* [WHAT TO DO]: Reproduce the listing in its entirety. Do not reproduce the pictures.

* [DATA SEGMENT]:
►

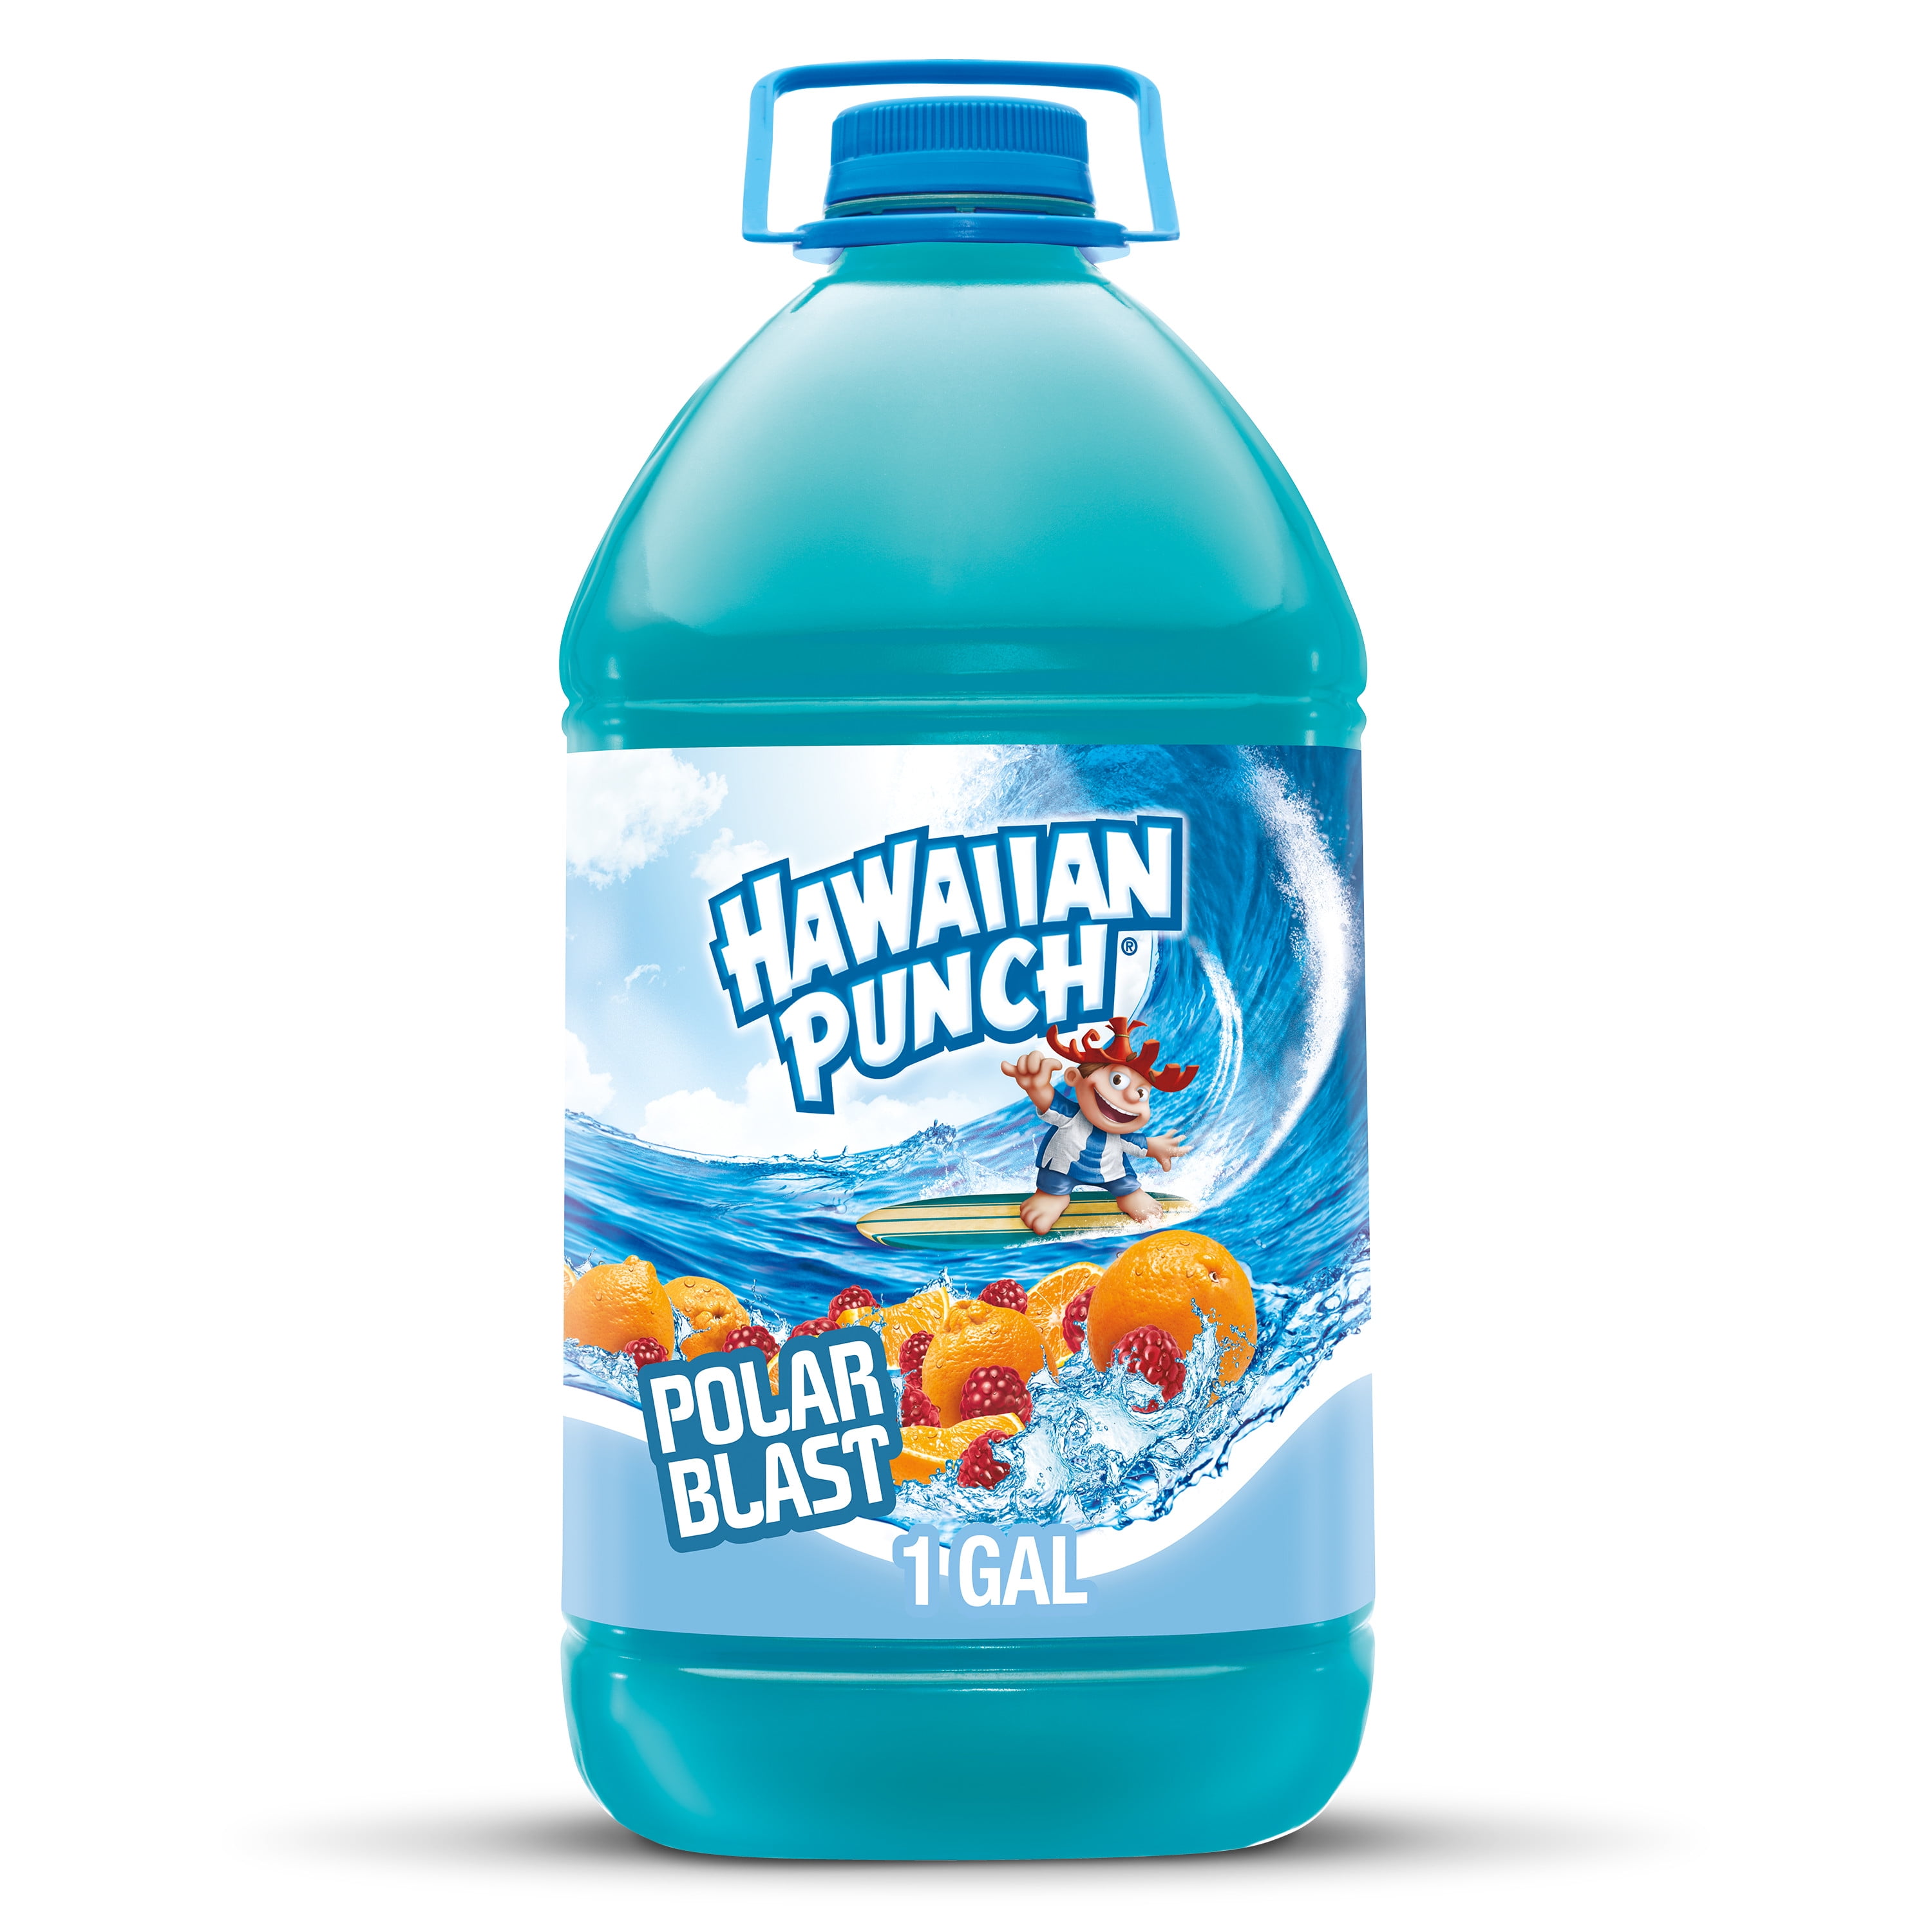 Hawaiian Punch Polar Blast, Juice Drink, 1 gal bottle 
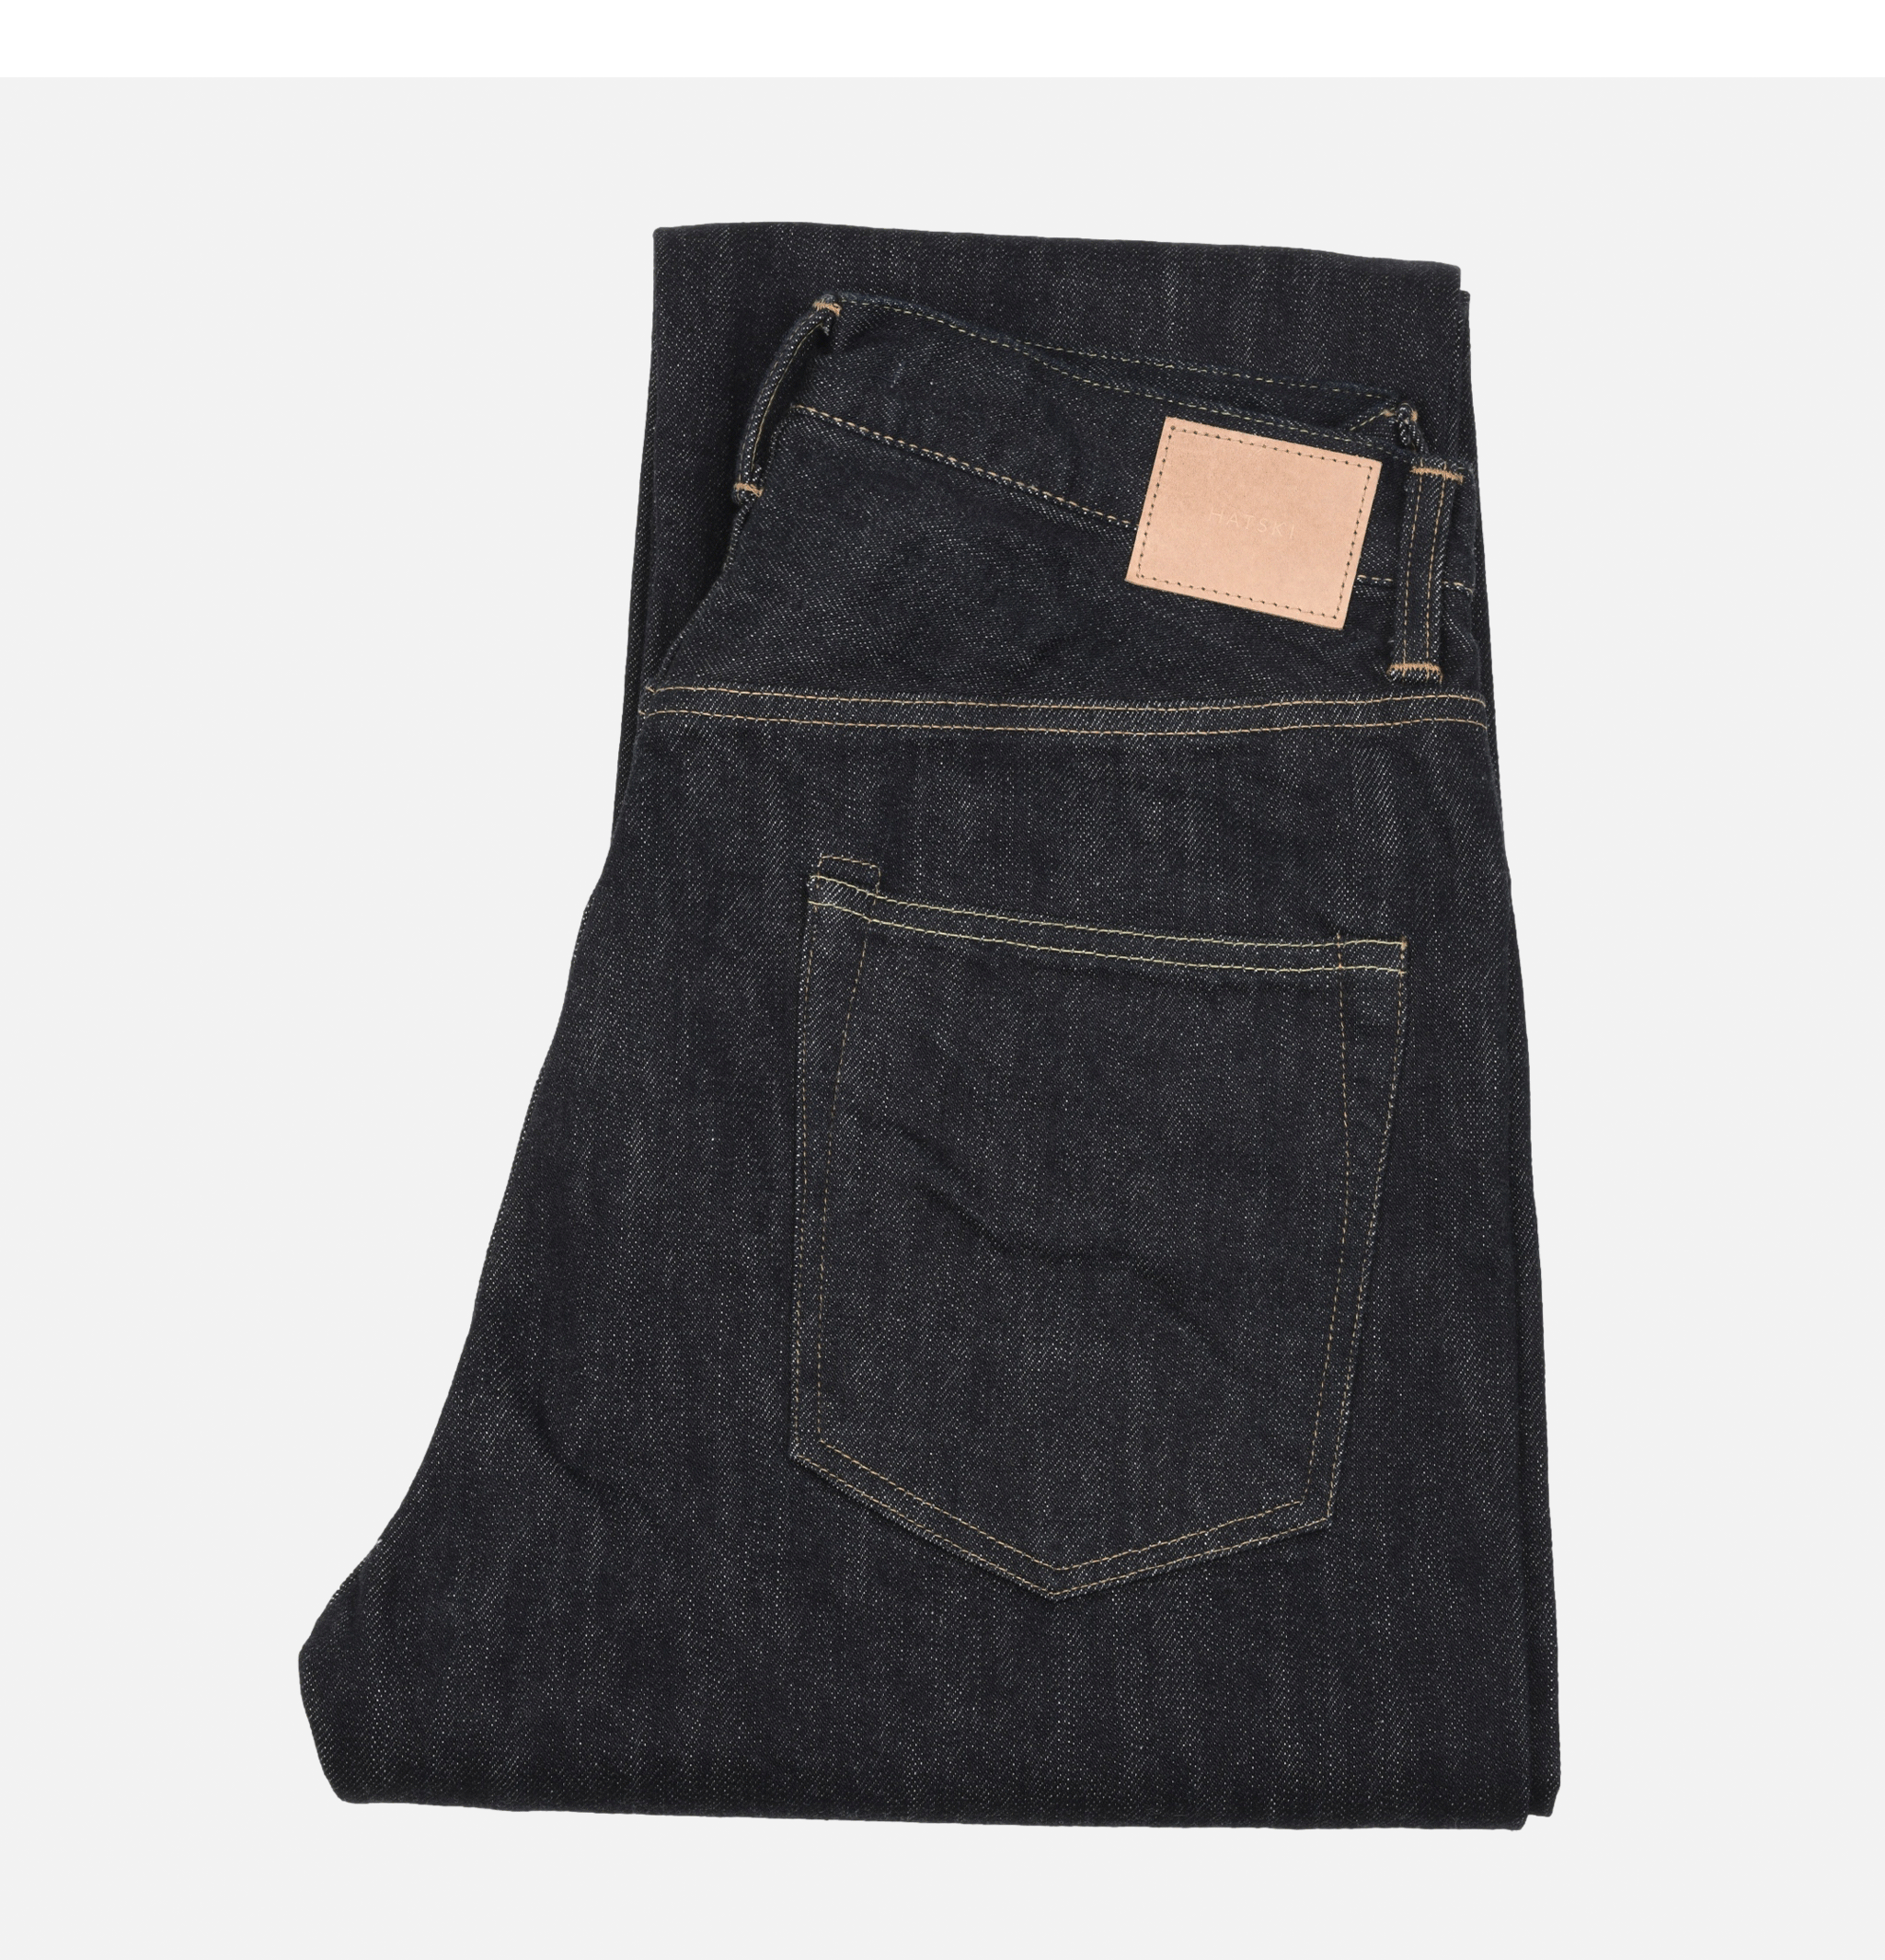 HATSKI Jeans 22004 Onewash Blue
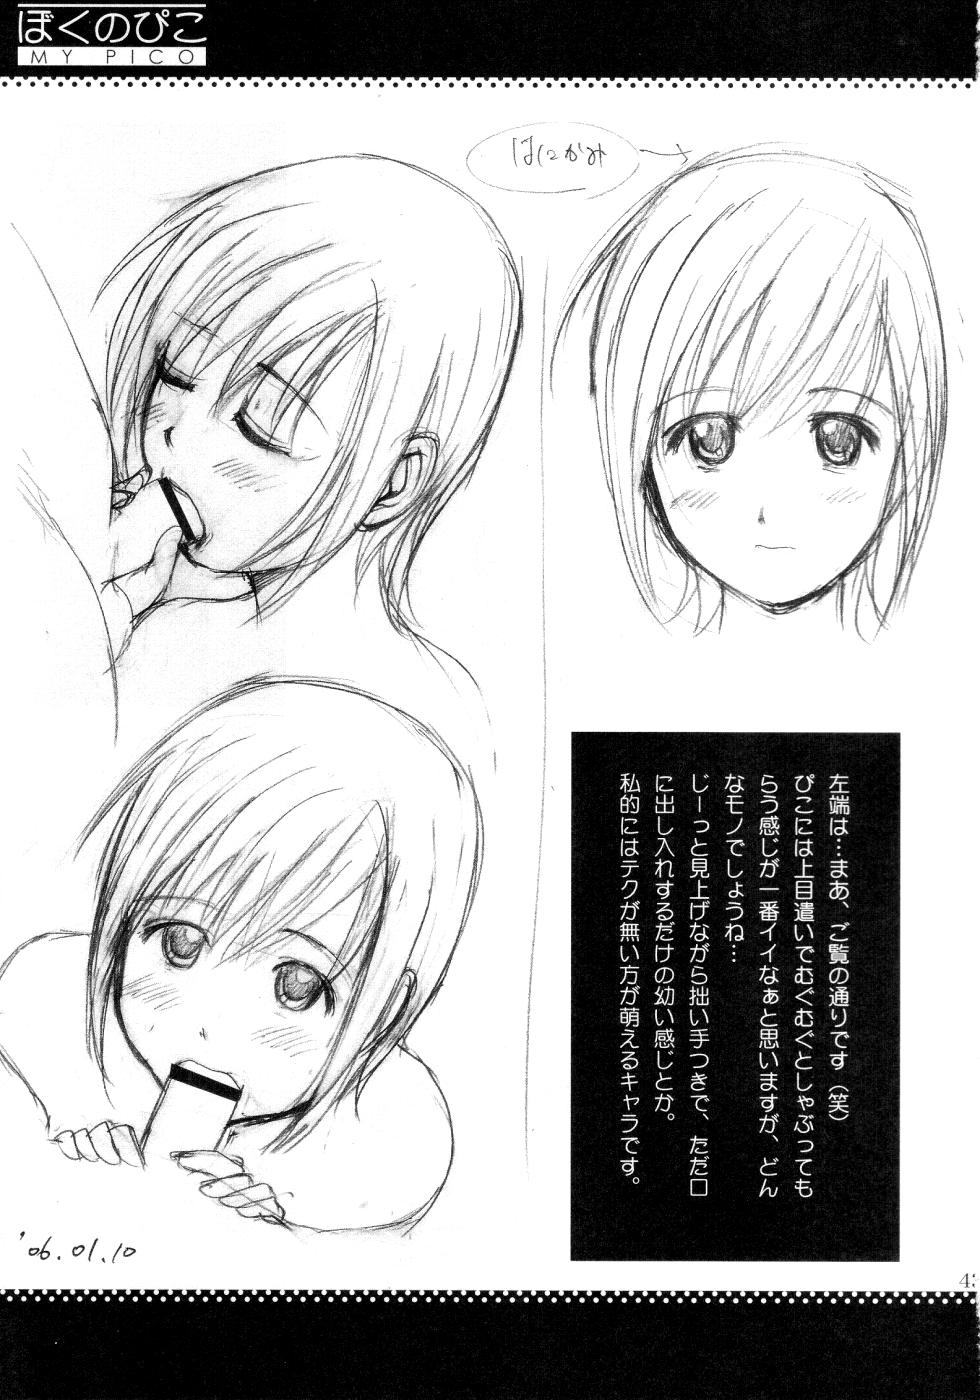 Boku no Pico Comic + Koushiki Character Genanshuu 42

◄

* [EXERCISE SOLUTION]:
 Hawaiian Punch Polar Blast, Juice Drink, 1 gal bottle 
 HATSKI Jeans 22004 Onewash Blue
 Boku no Pico Comic + Koushiki Character Genanshuu 42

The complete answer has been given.